That’s the world we live in, one of chaos. Where the aged are addicted to the old and even youngsters are not comprehensive in their knowledge and experience.

The only way you can triumph is by having a continuing narrative. You can talk about albums all you want, but they don’t fit the modern paradigm, oftentimes they’re instantly forgotten. Kinda like Steve Perry’s comeback. He should have dropped single after single and maybe one of them would have been great and connected. Instead, he released a compendium of tunes that seemingly no one has listened to, and most people don’t even know he put out. Furthermore, if you’re in the marketplace on a regular basis you get feedback and figure out what works.

And Netflix succeeds not because of any individual show, but the tsunami of product, there’s always something new coming down the pike. Furthermore, almost everybody has a subscription so people can follow a suggestion, check something out and be part of the community, we all want to be part of the community.

Used to be in the pre-internet era there were self-anointed judges, who criticized your taste. You’re not listening to or watching the right stuff. Now, no one cares. The judges are on their own island stuck in the twentieth century. We’re all just trying to keep up, and oftentimes we don’t even find the great stuff for years. Who cares that someone is denigrating our consumption, no one else is aware of the criticism! Kinda like Twitter. Someone spews hate and then you check their number of followers, which is almost always low. And it being Twitter, most followers never see the tweet anyway, so you can ignore it.

But social media triumphs because we all have access and it’s free.

Meanwhile, the commentariat, the privileged, the wealthy, keep telling us to put our phones down and disconnect…they don’t realize, this is the ONLY way we connect, that in real life everybody’s pursuing their own dream in their silo and the only place everybody is in the town square is online.

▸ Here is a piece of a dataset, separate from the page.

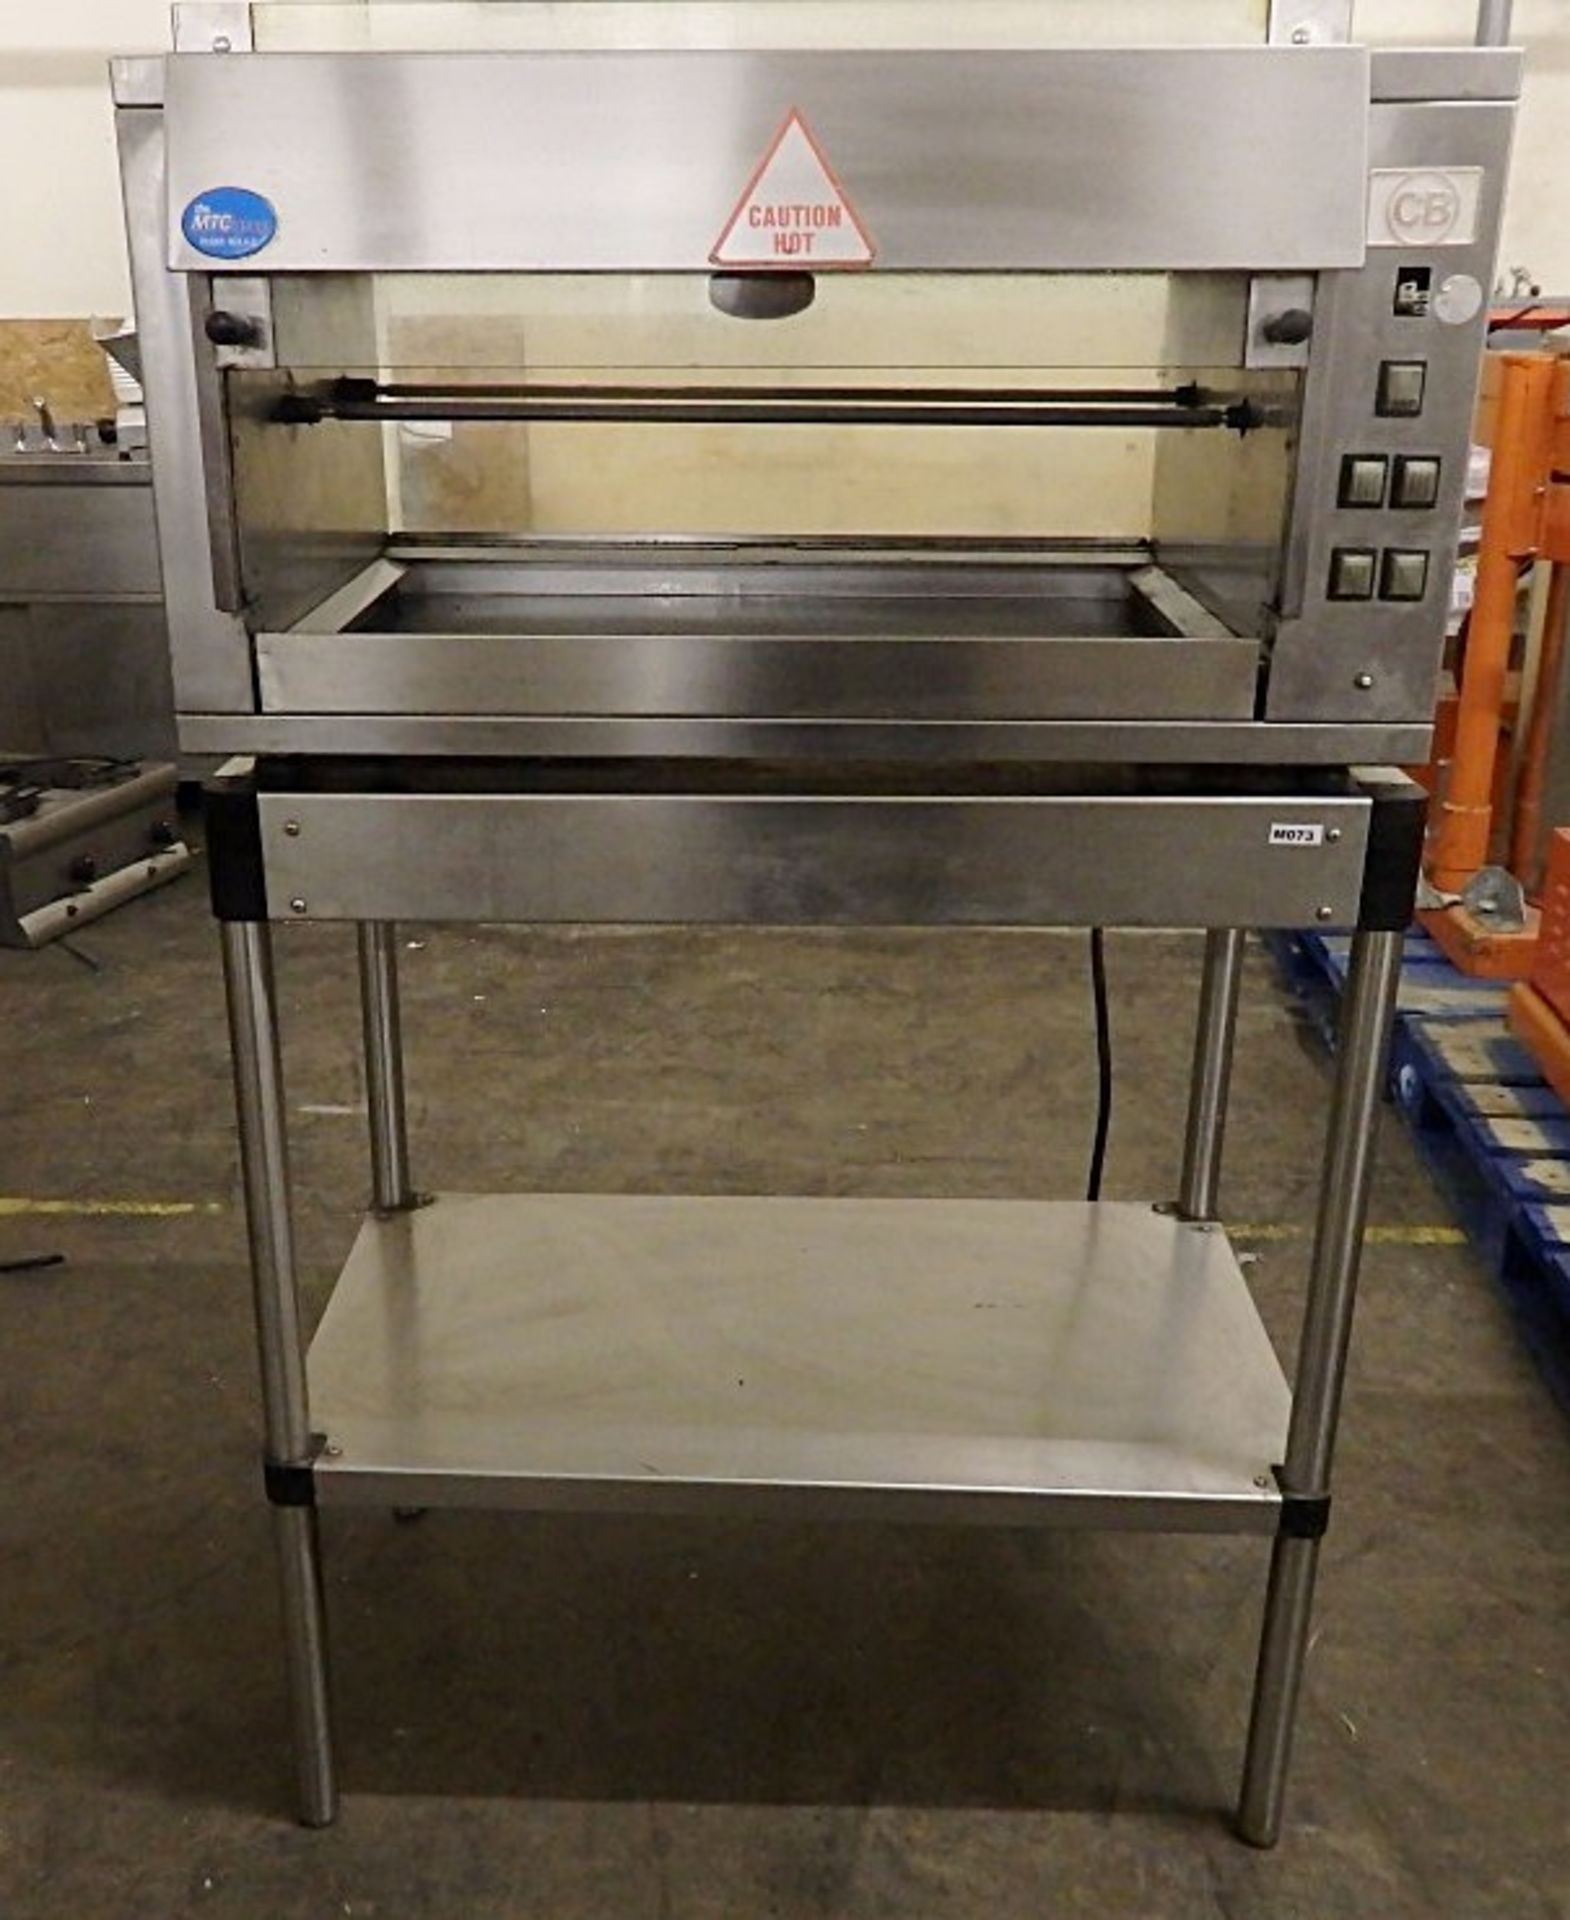 1 x Rotisserie Oven And Stand Reserve - Dimensions; Oven W90 x D56 x H47 (H137 Inc. Stand) Ref: M073 - Image 2 of 6

Ever try to schedule dinner or a playdate today? It’s an exercise in frustration, everybody’s BOOKED UP! But you can reach them in iMessage.

That’s the beauty of text, people respond.

They burned out e-mail, people get too much, they should ban cc.

Now one of the reasons politics dominates today is because of the continuous narrative. Trump writes a new story every day. And the oldsters can’t understand that time moves on. Yes, Trump was tweeting up a storm last Sunday, but that was LAST SUNDAY! Might as well have been 1962. It’s the cumulative effect that creates the lasting image. Just look at the right, over decades they’ve labeled Democrats as tax and spend, to the point even Democrats believe it!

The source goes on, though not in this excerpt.